Reproduce word for word the line holding "Cus D'Amato: The" and all lines after it in the data, through the end, leaving out pictures.

▶ _THE DATA_
------
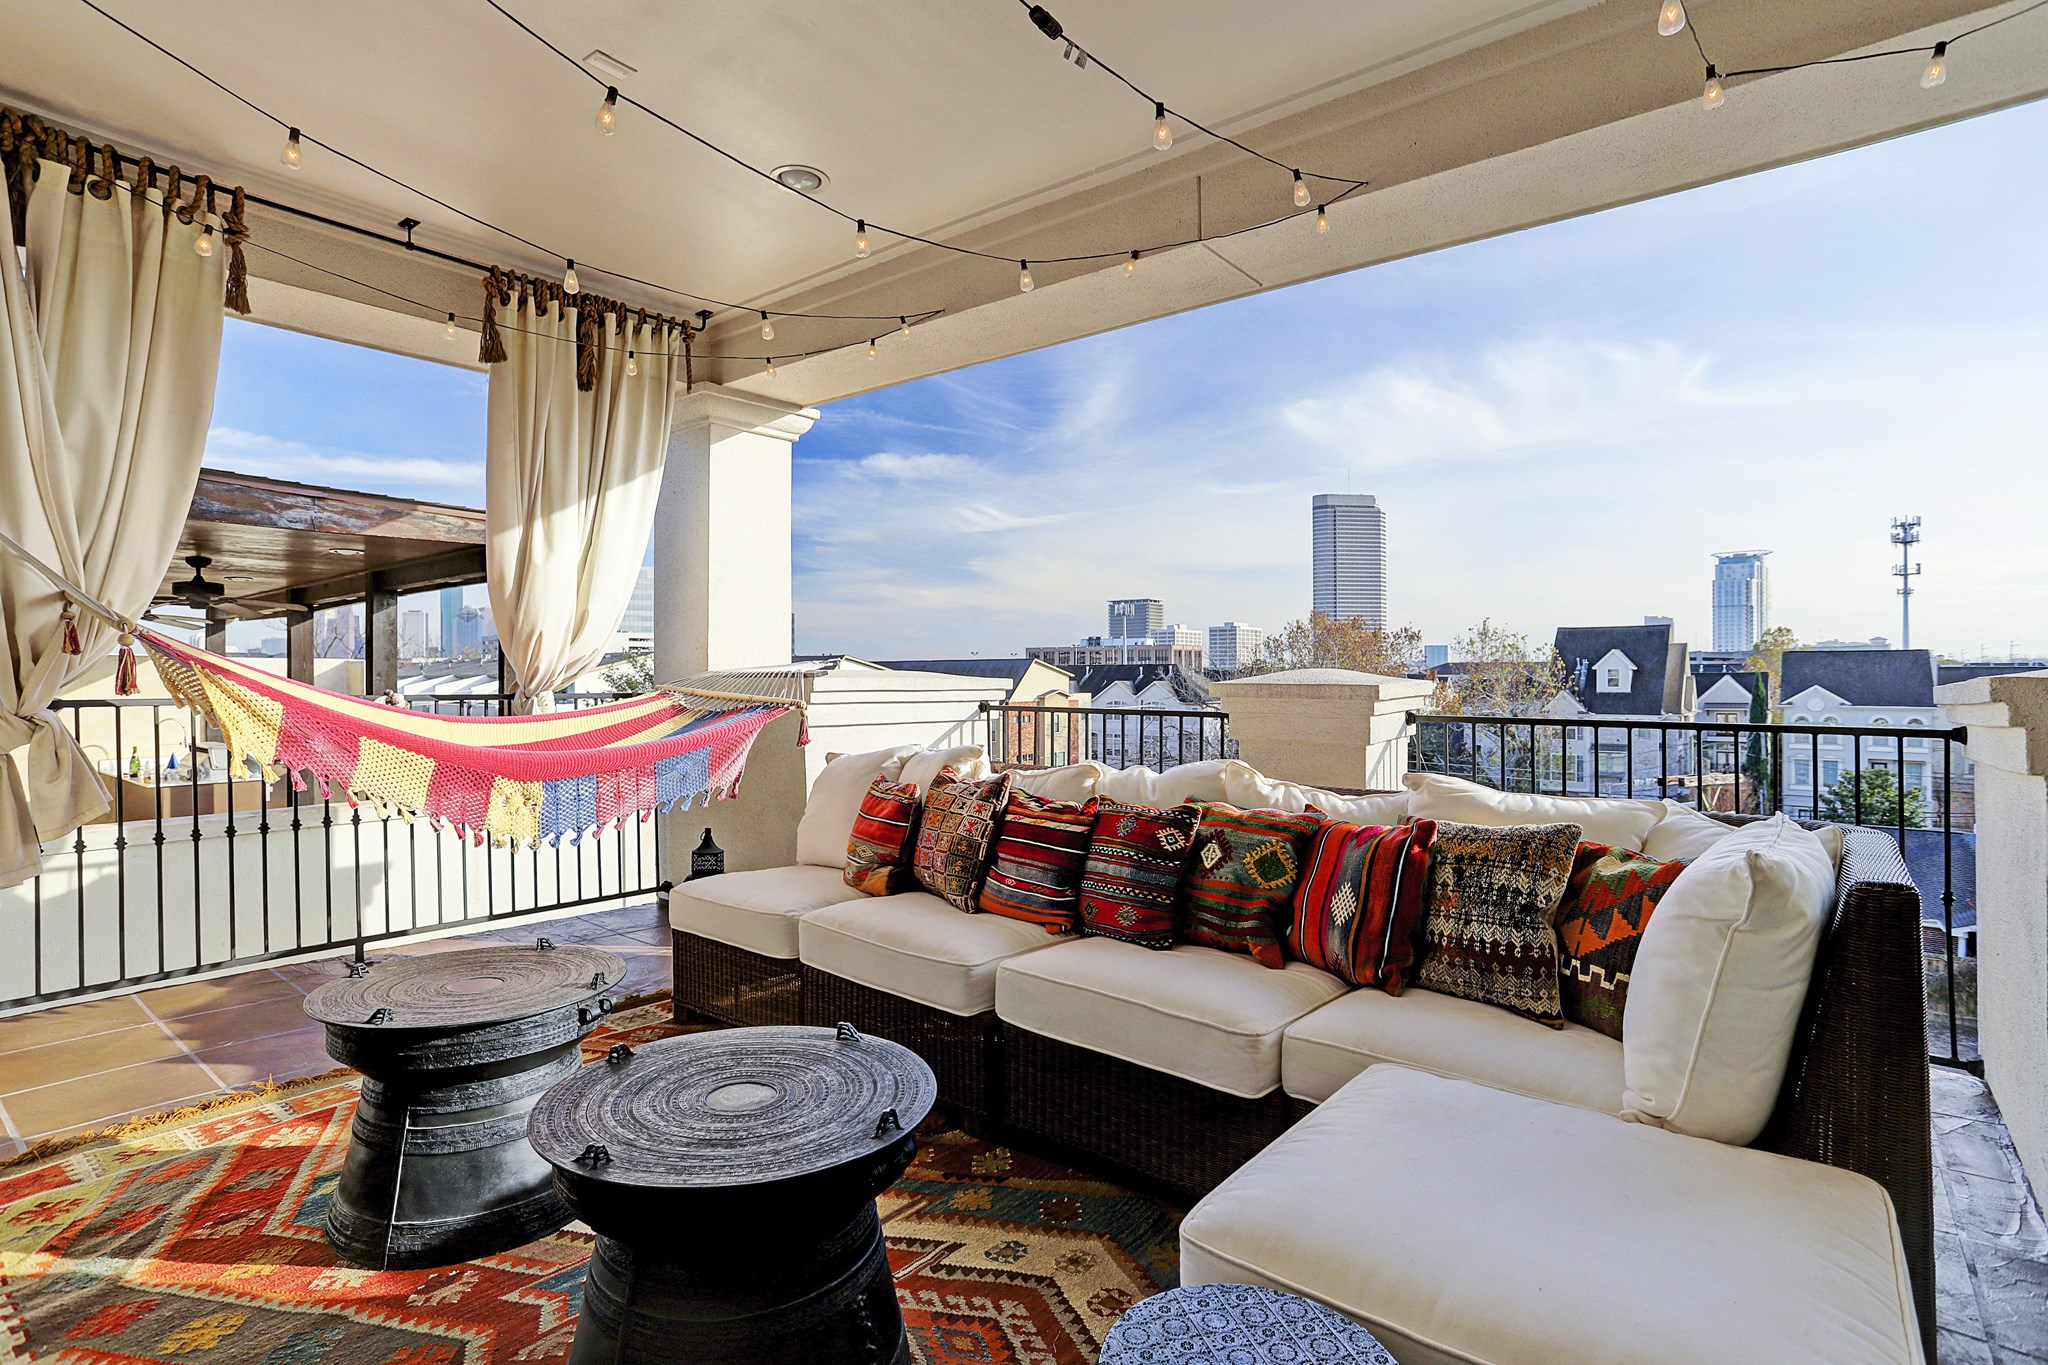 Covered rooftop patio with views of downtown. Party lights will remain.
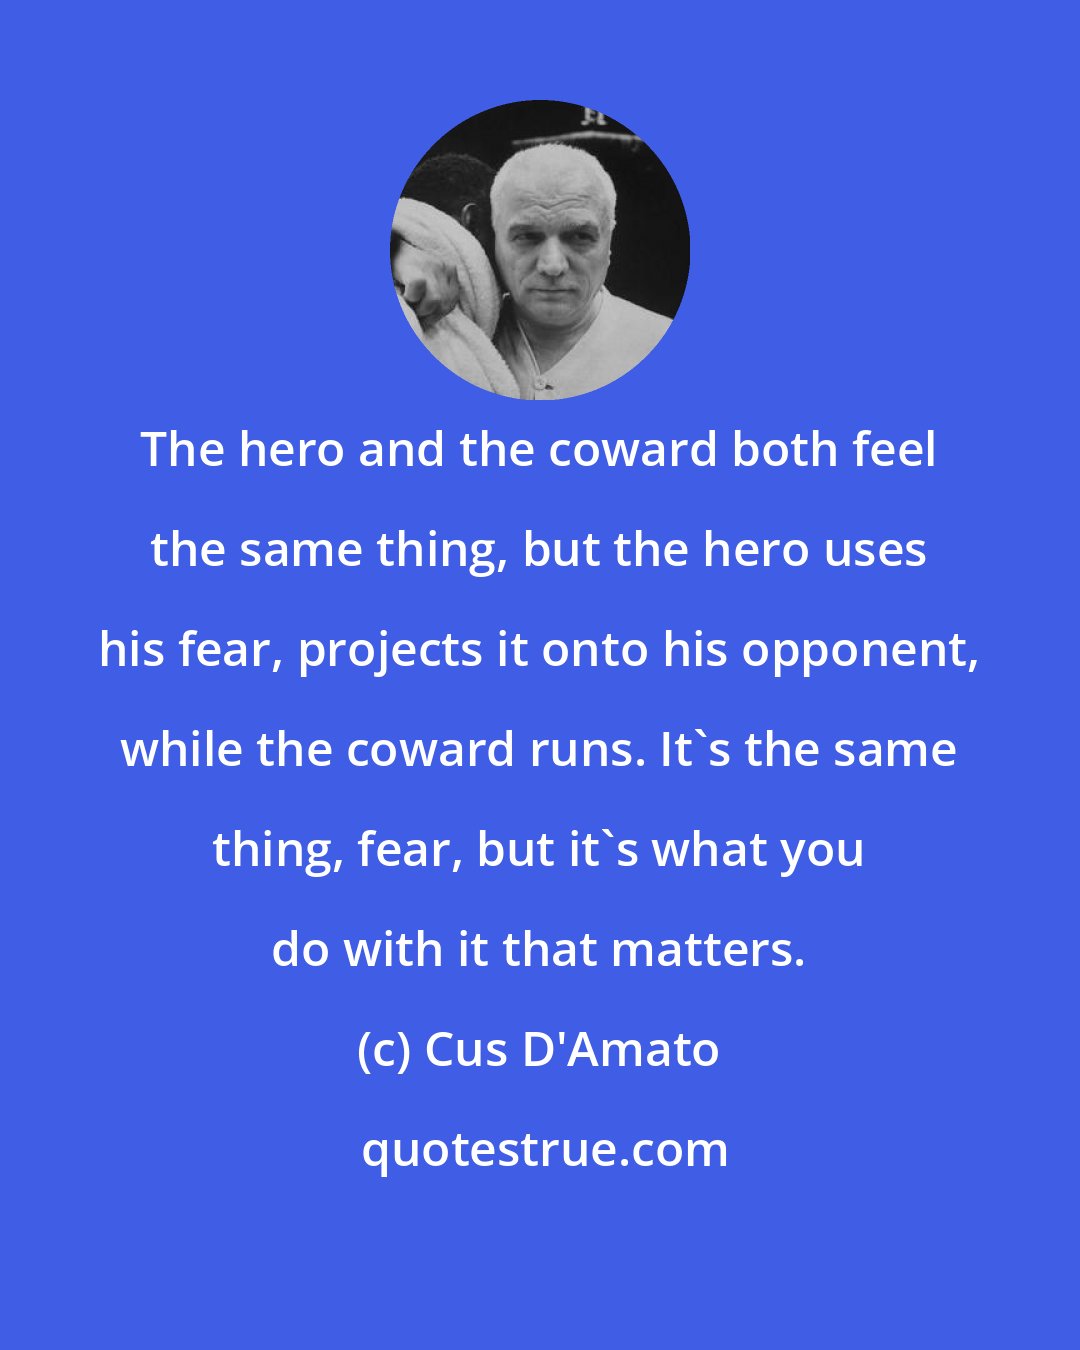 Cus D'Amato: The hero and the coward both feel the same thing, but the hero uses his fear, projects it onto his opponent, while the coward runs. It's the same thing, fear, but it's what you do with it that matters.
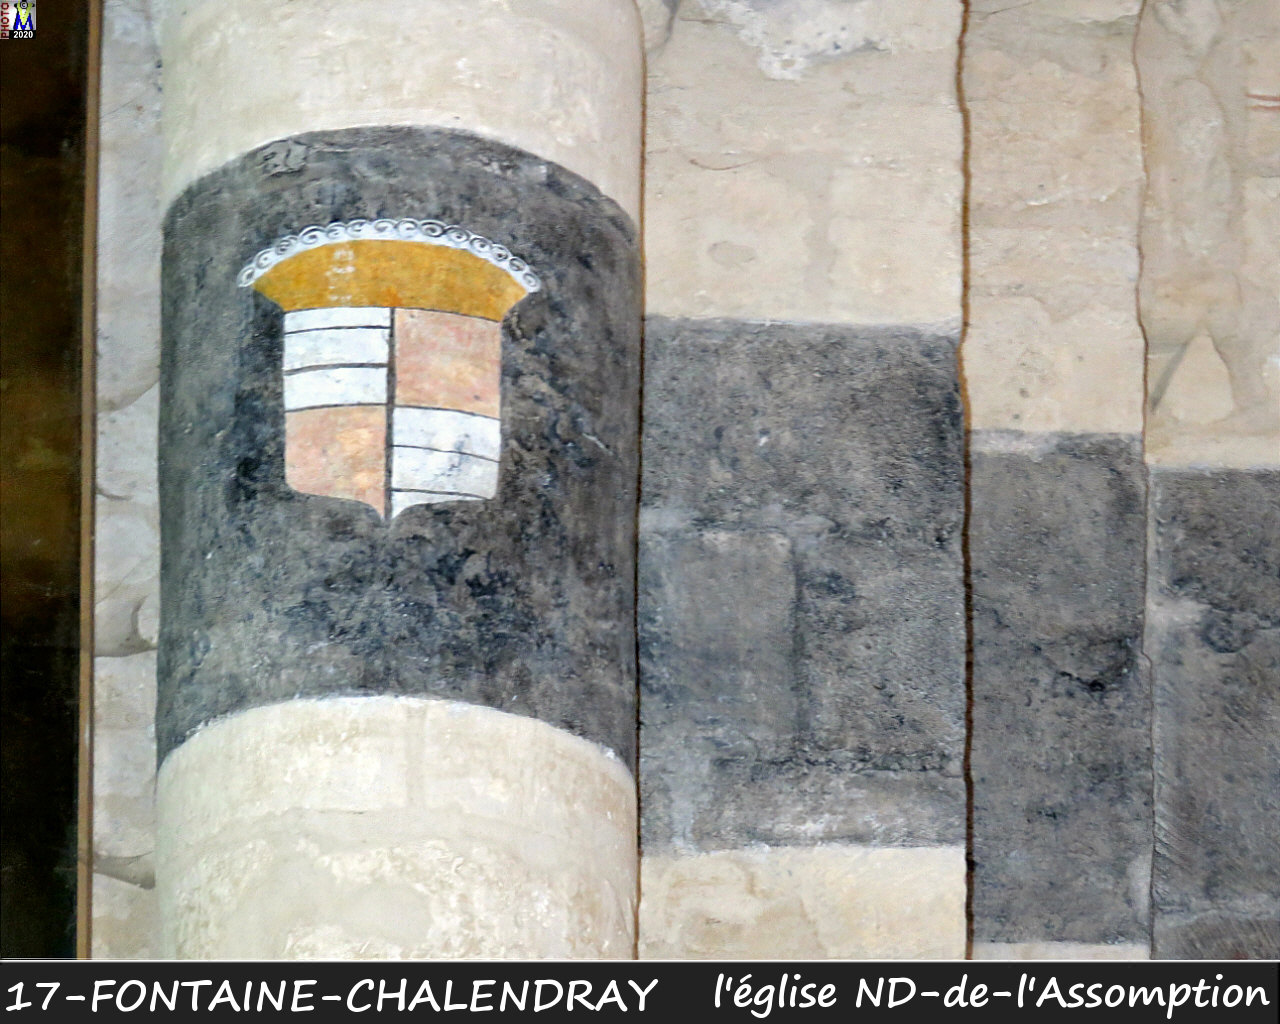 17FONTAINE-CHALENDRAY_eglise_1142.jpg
------
▶ _WRITTEN ANSWER_
 Cus D'Amato: The hero and the coward both feel the same thing, but the hero uses his fear, projects it onto his opponent, while the coward runs. It's the same thing, fear, but it's what you do with it that matters.
 17FONTAINE-CHALENDRAY_eglise_1142.jpg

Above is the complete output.